Try it: Here the job is to transcribe the data verbatim while leaving each picture out.

The data:
▶

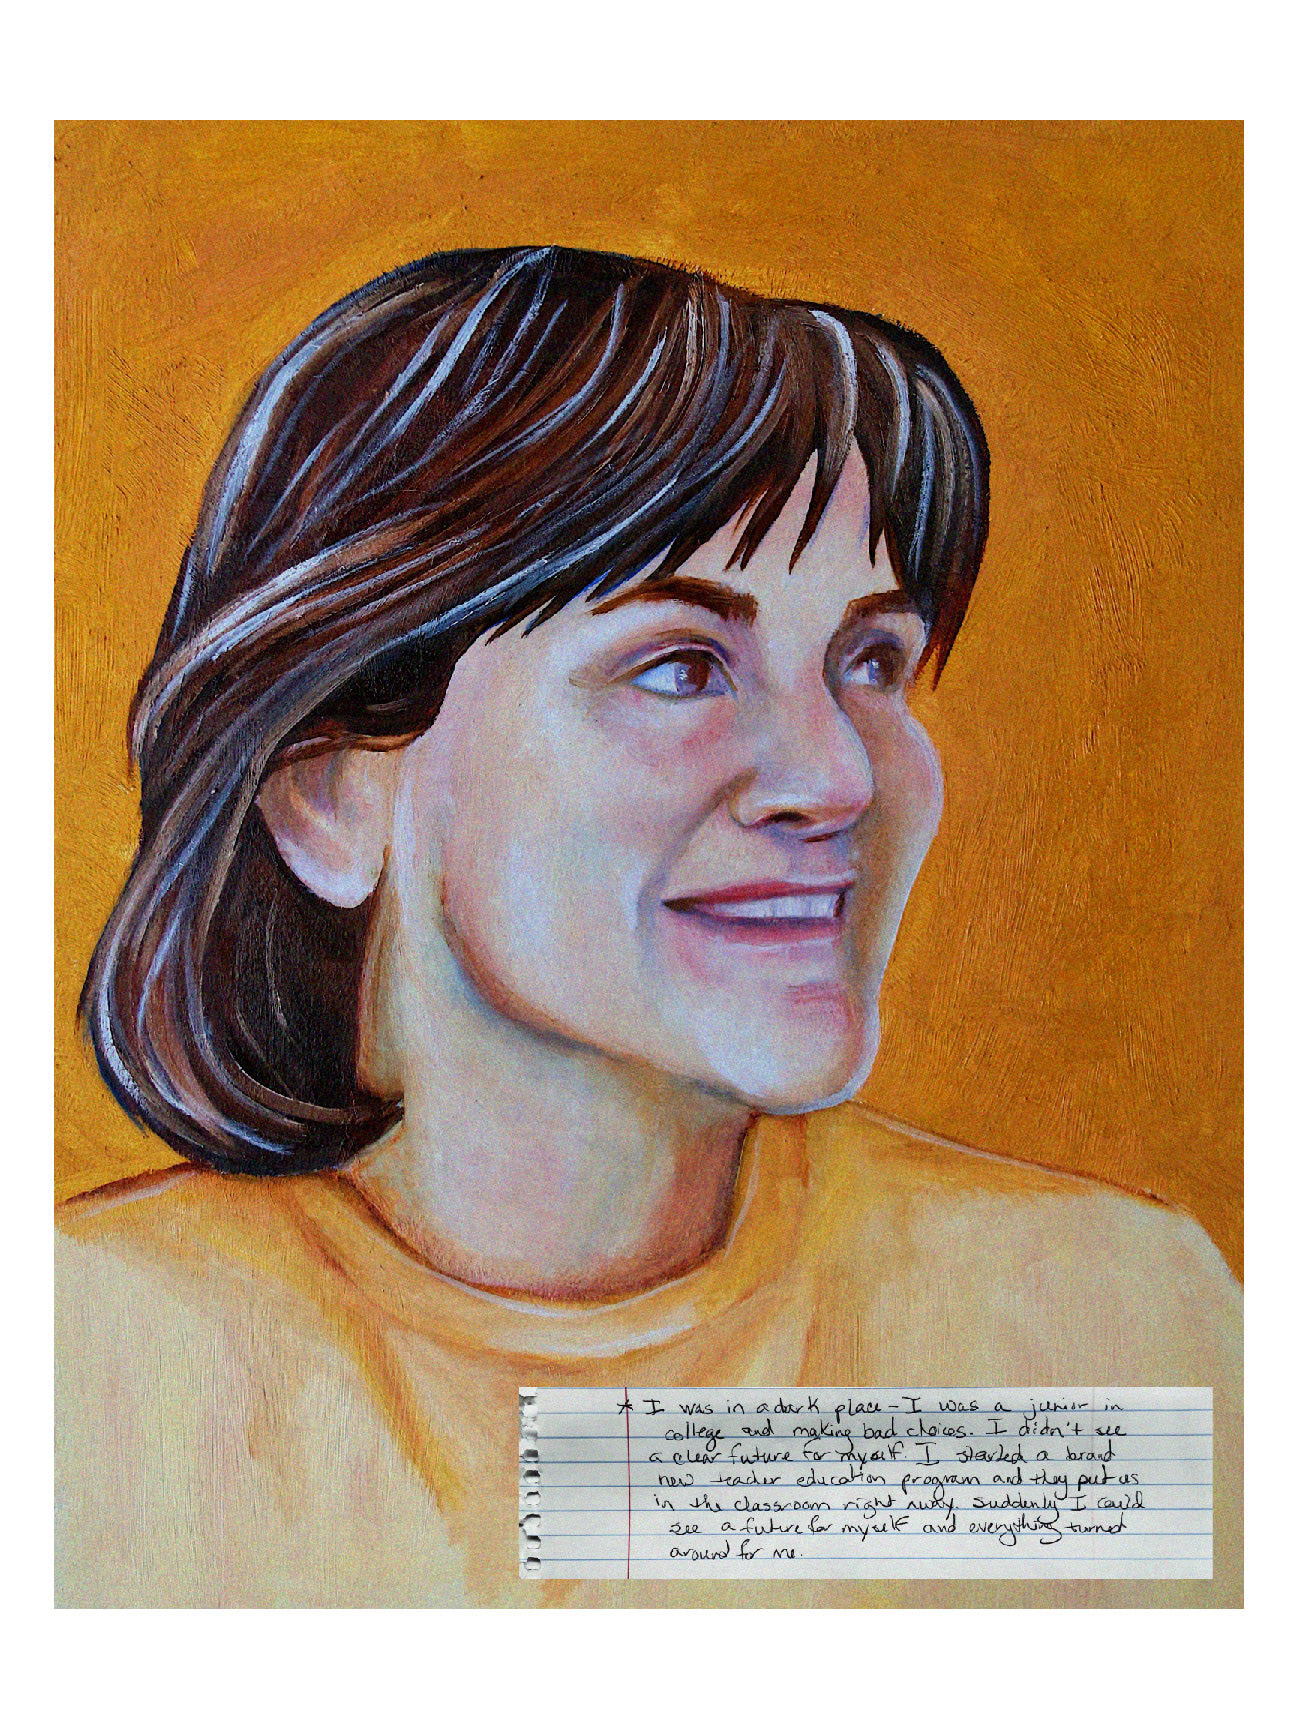 A painting of my mom, a brunette with bangs, looking to the right with a grateful smile.
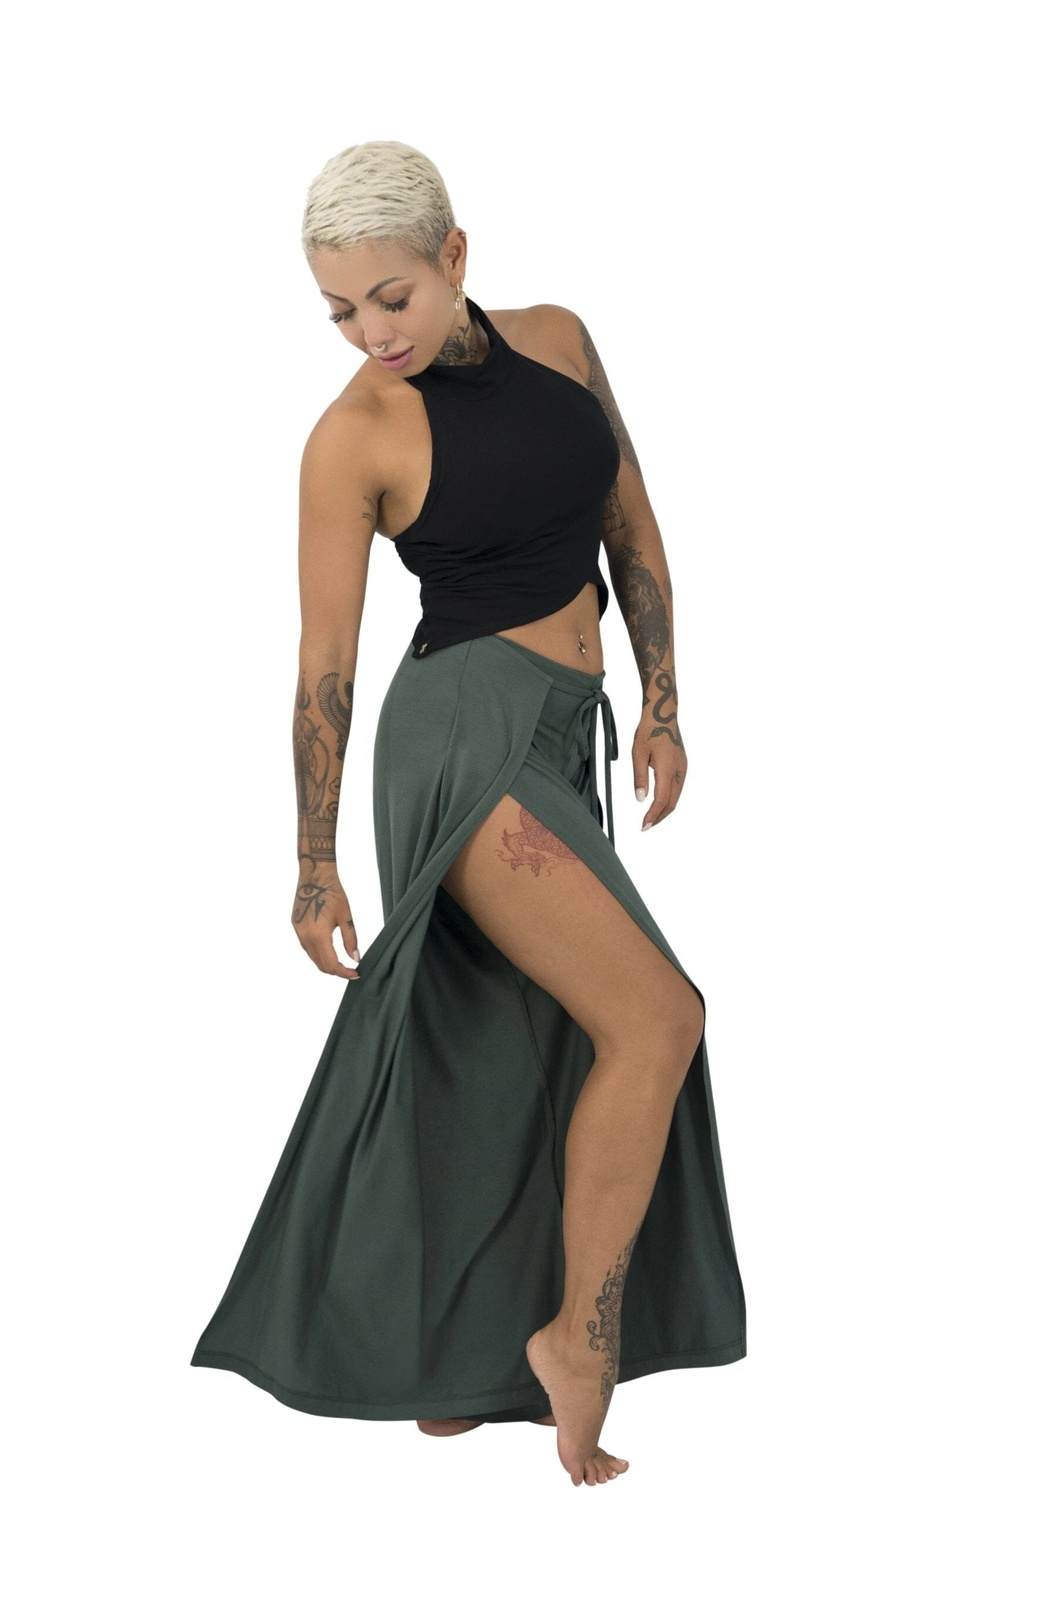 The Paris Palazzo Pants are flowy wide leg pants perfect for resort wear from Ekoluxe sustainable fashion brand.
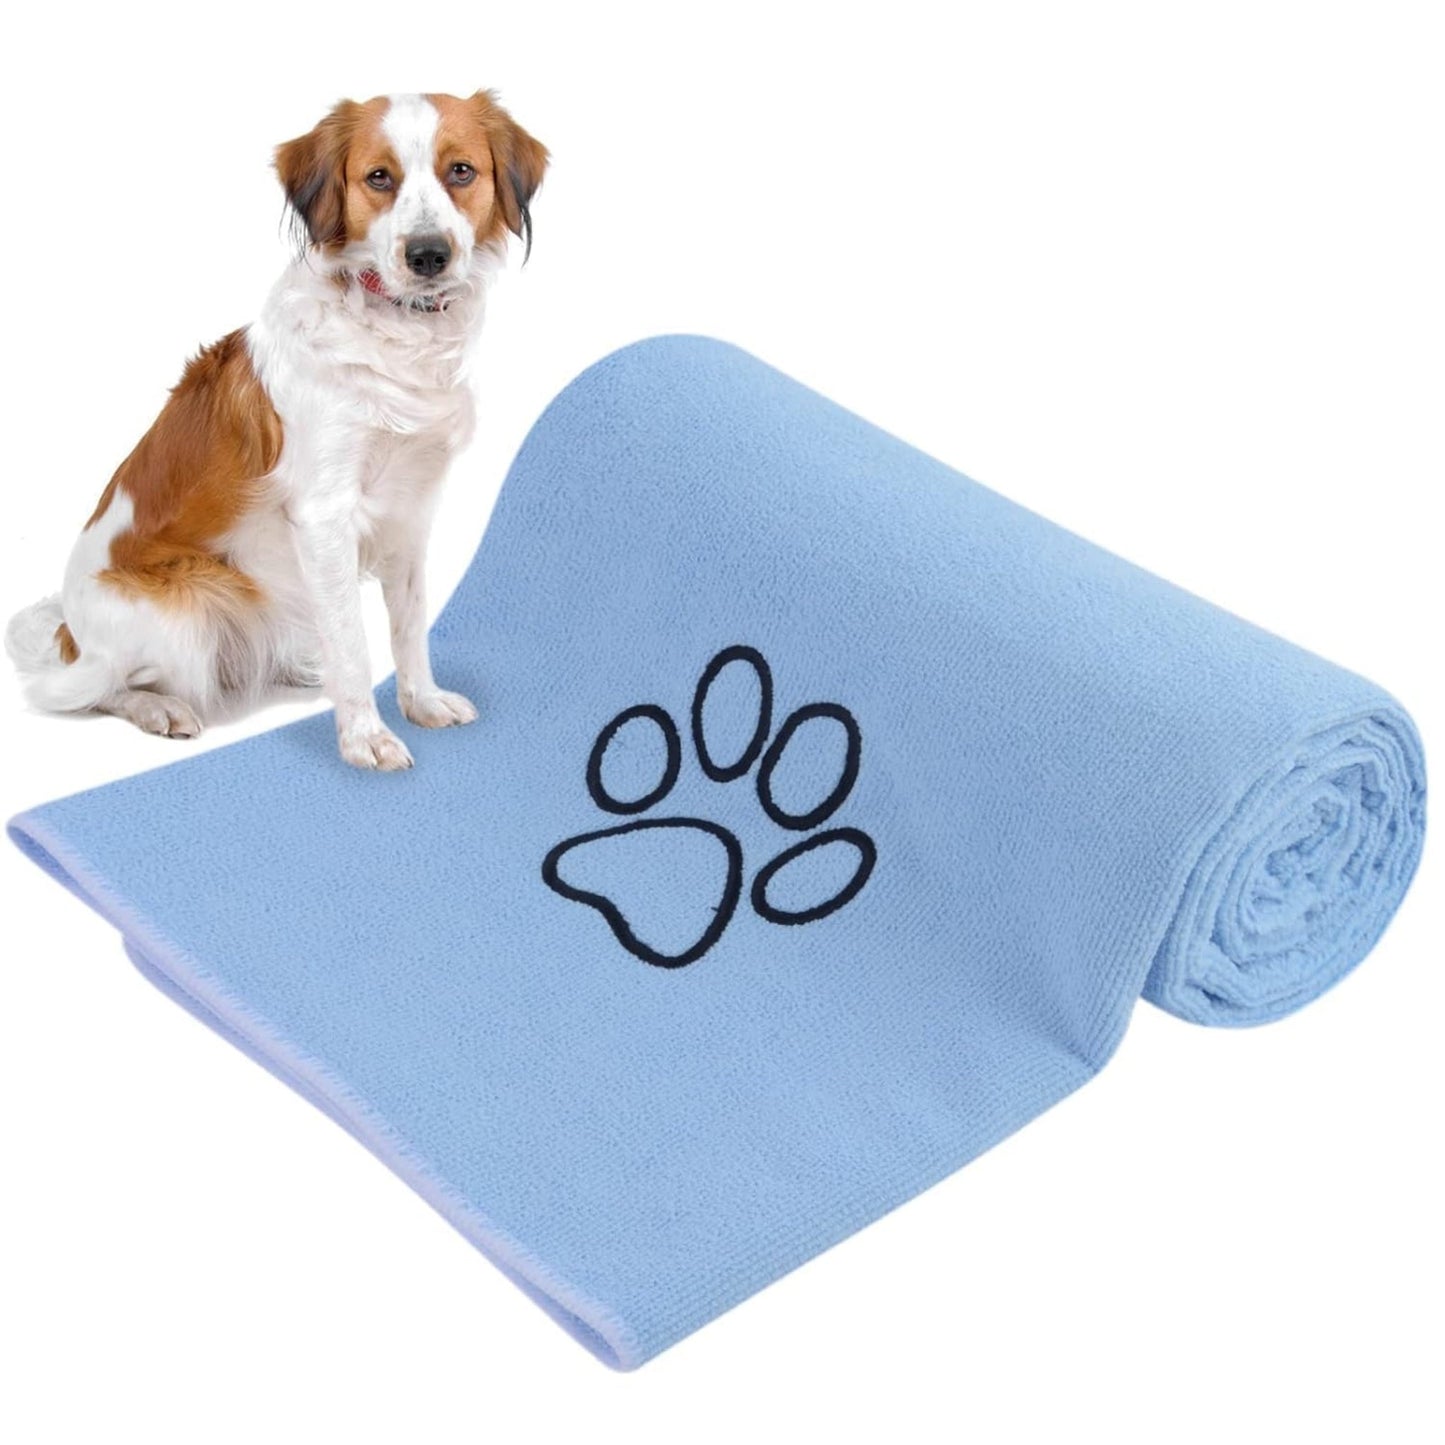 Foodie Puppies Dog Bathing Quick Drying Towel (60x115cm), Pack of 3

◀

Solution for this exercise:
 A painting of my mom, a brunette with bangs, looking to the right with a grateful smile.
 The Paris Palazzo Pants are flowy wide leg pants perfect for resort wear from Ekoluxe sustainable fashion brand.
 Foodie Puppies Dog Bathing Quick Drying Towel (60x115cm), Pack of 3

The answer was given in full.